[Input data Boundary: Start]

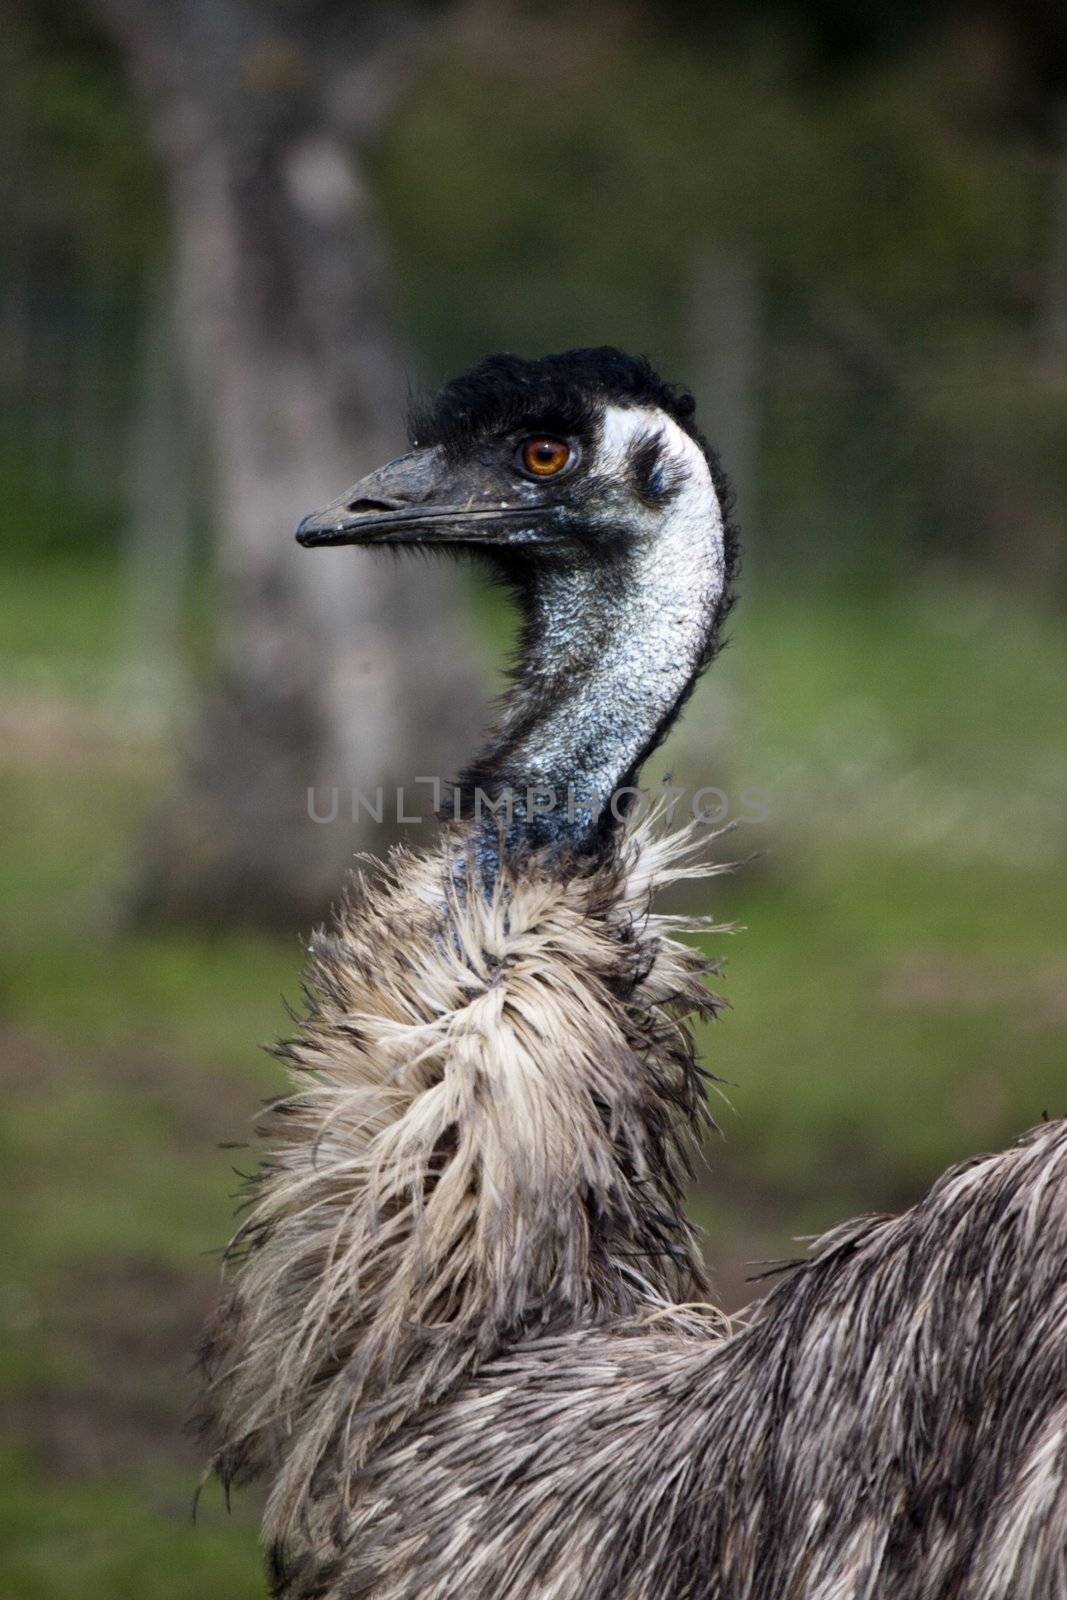 View of a portrait of a curious ostrich.
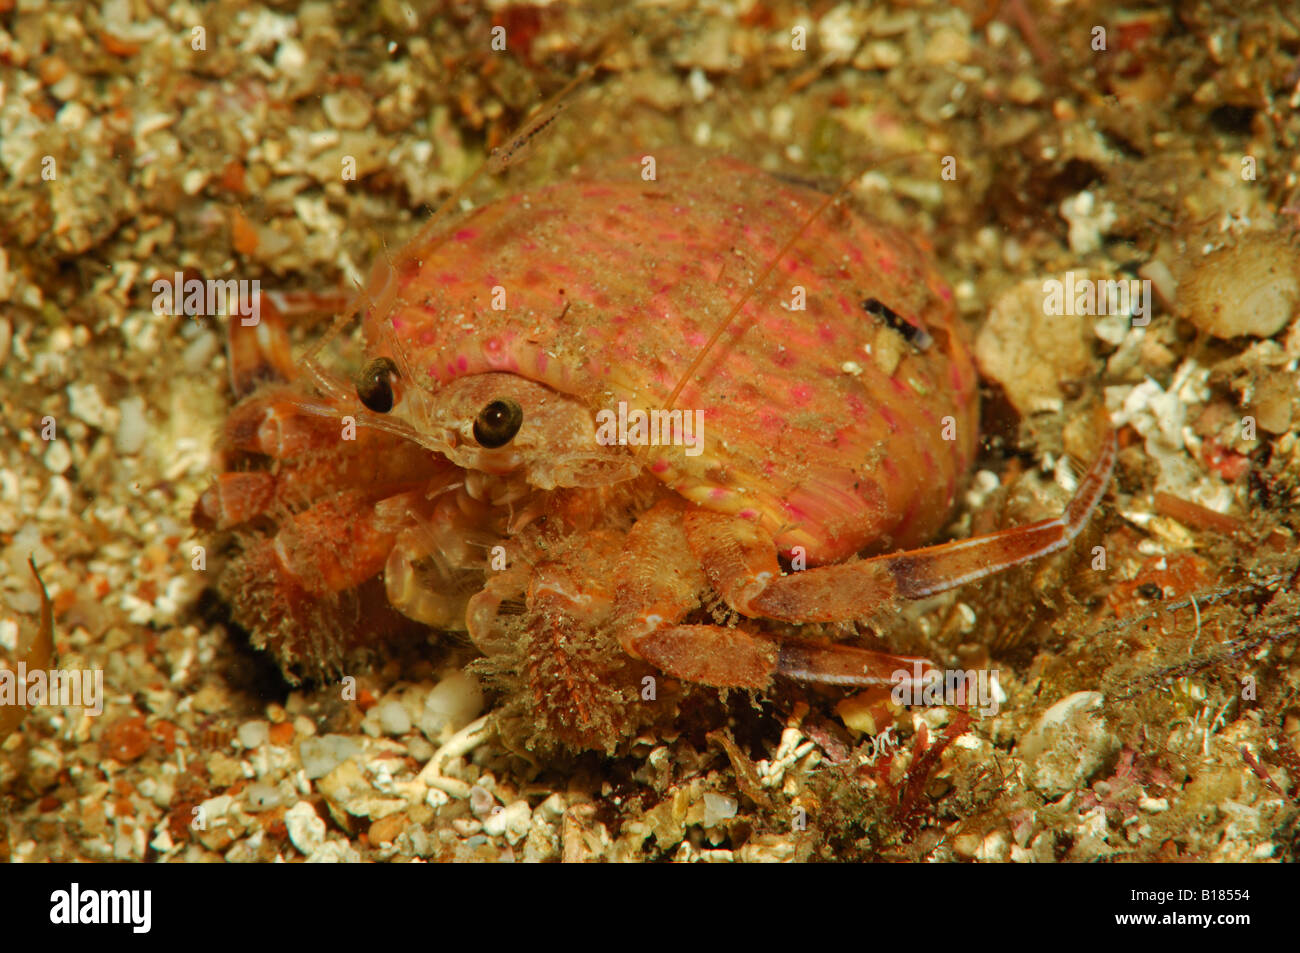 Hermit Crab in Symbiosis with Cloake Anemone Pagurus prideaux Adamsia paliata Grk Bay Susac Island Adriatic Sea Stock Photo
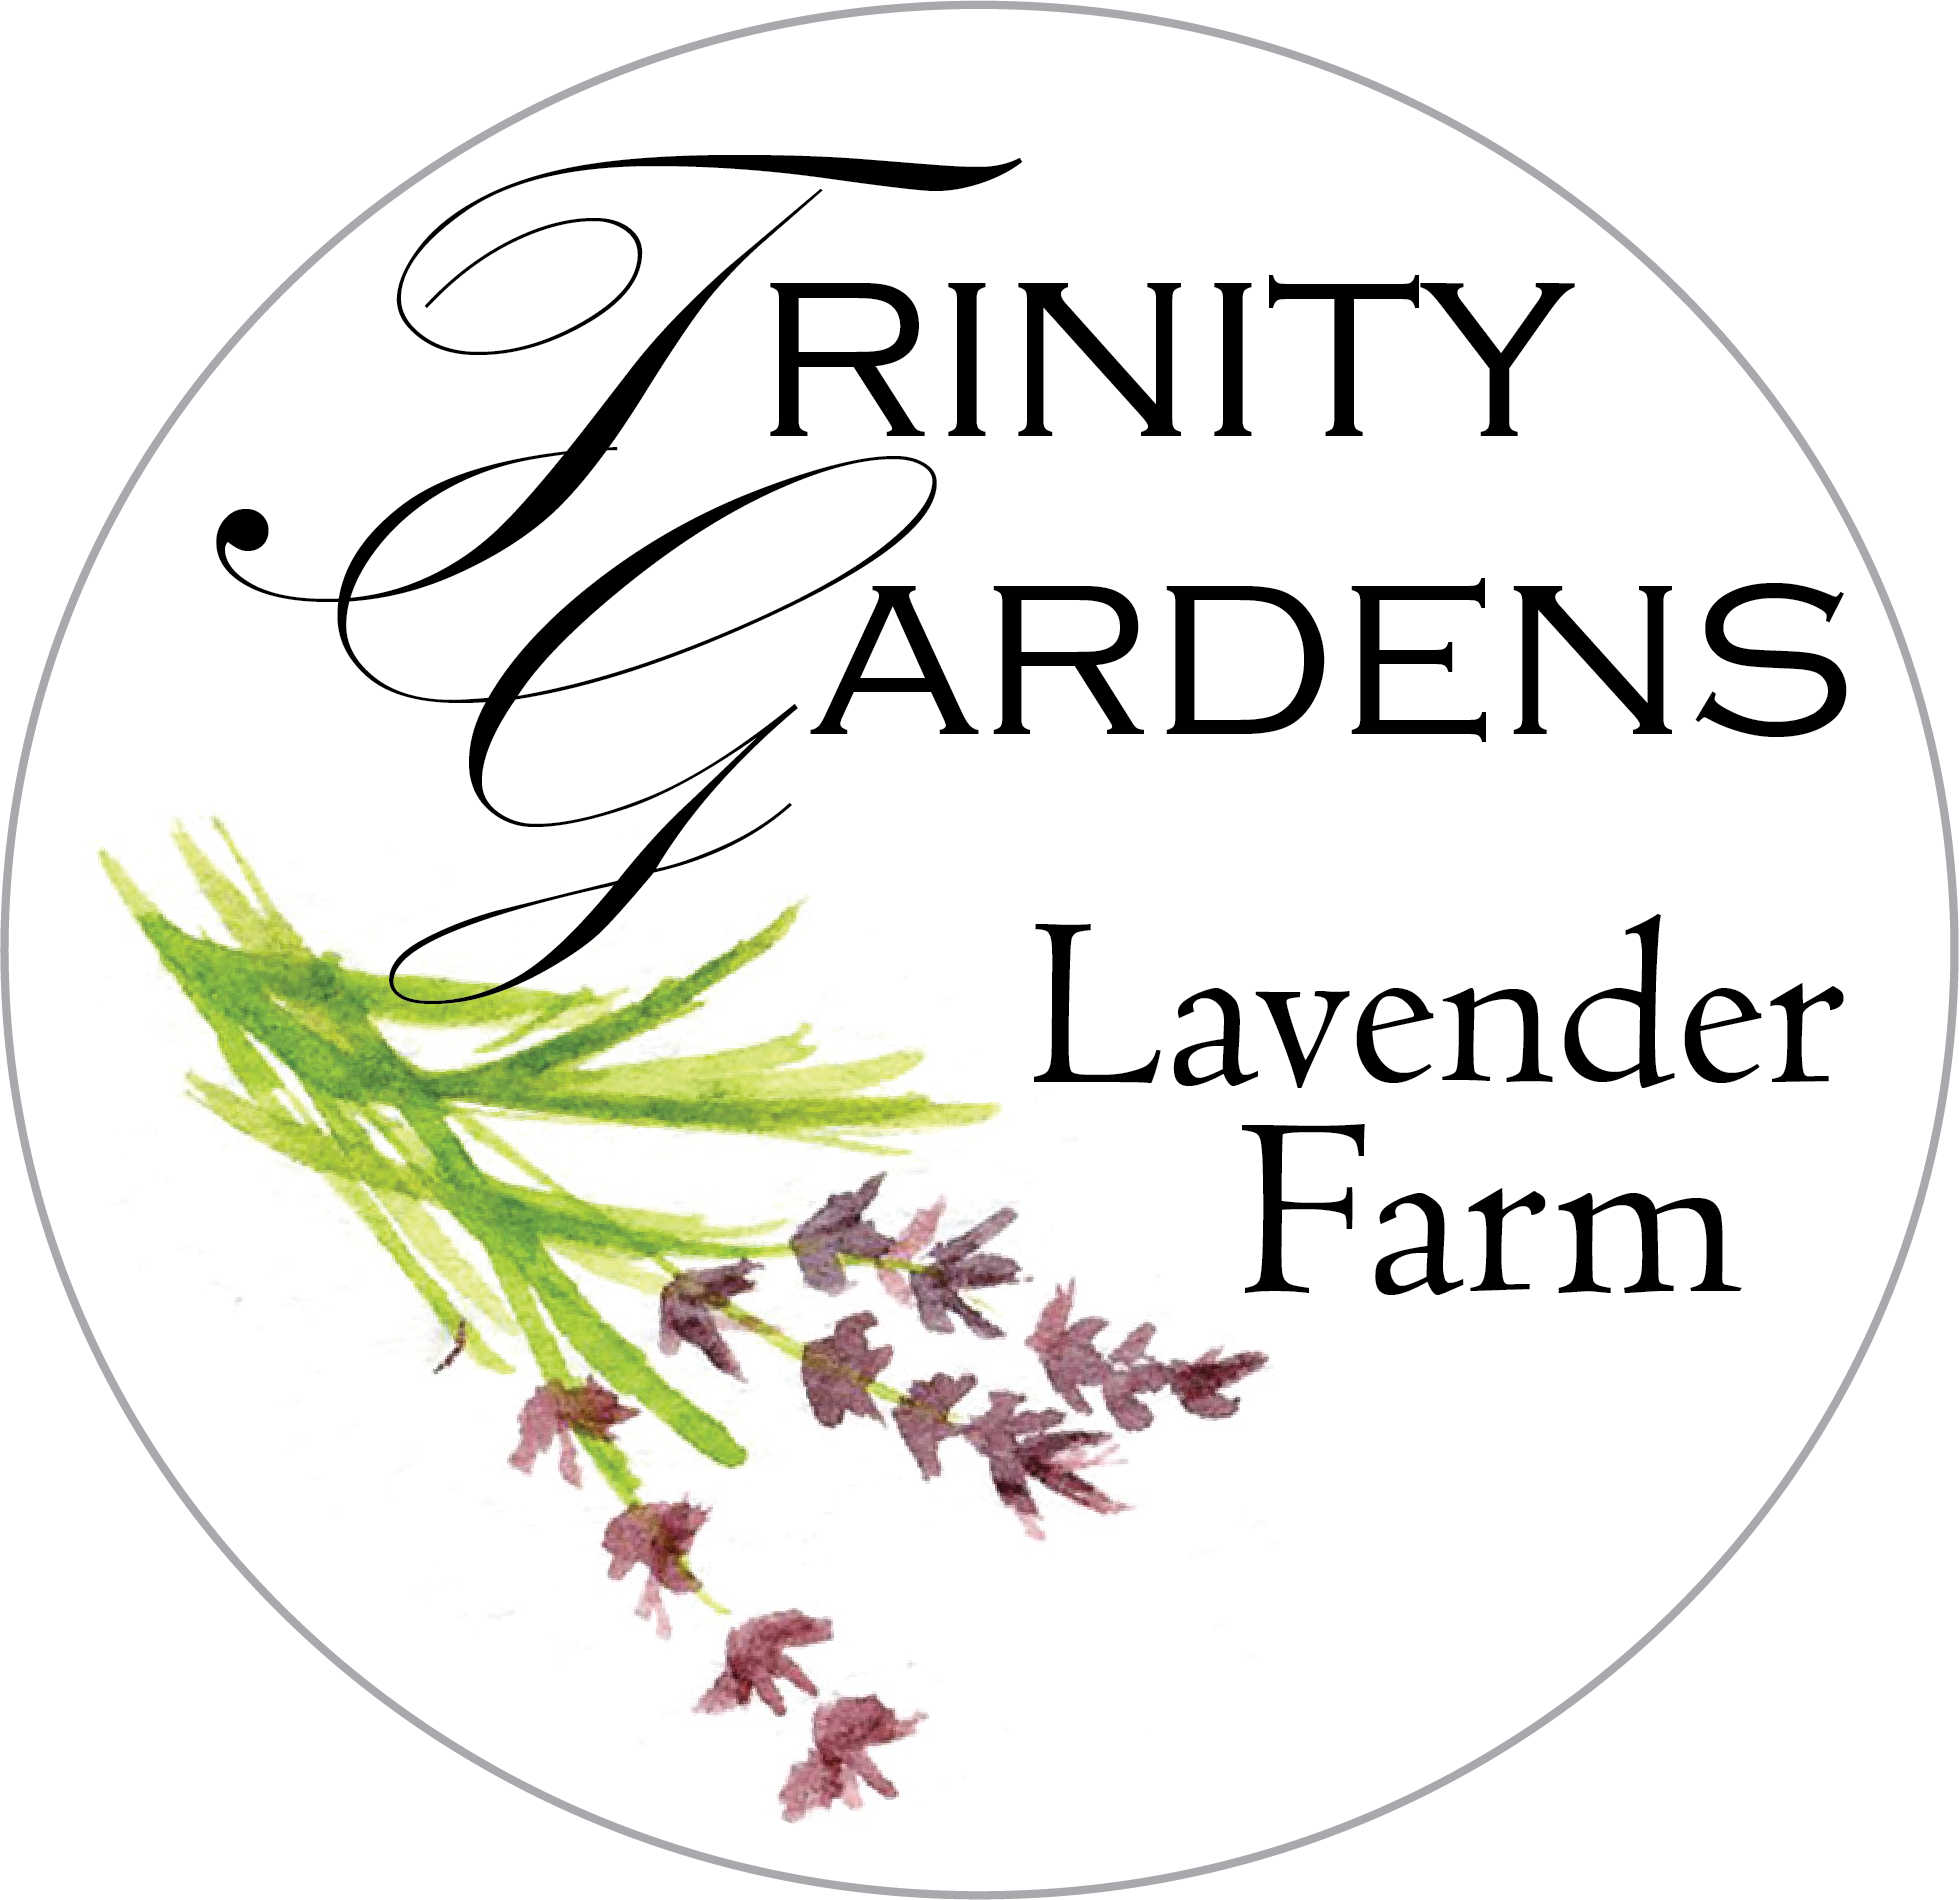 Trinity Gardens Lavender Farm

[Input data Boundary: End]

_Brief:_ Pictures stay out of the answer; the rest of the listing above is returned exactly.

_Finished task:_
 View of a portrait of a curious ostrich.
 Hermit Crab in Symbiosis with Cloake Anemone Pagurus prideaux Adamsia paliata Grk Bay Susac Island Adriatic Sea Stock Photo
 Trinity Gardens Lavender Farm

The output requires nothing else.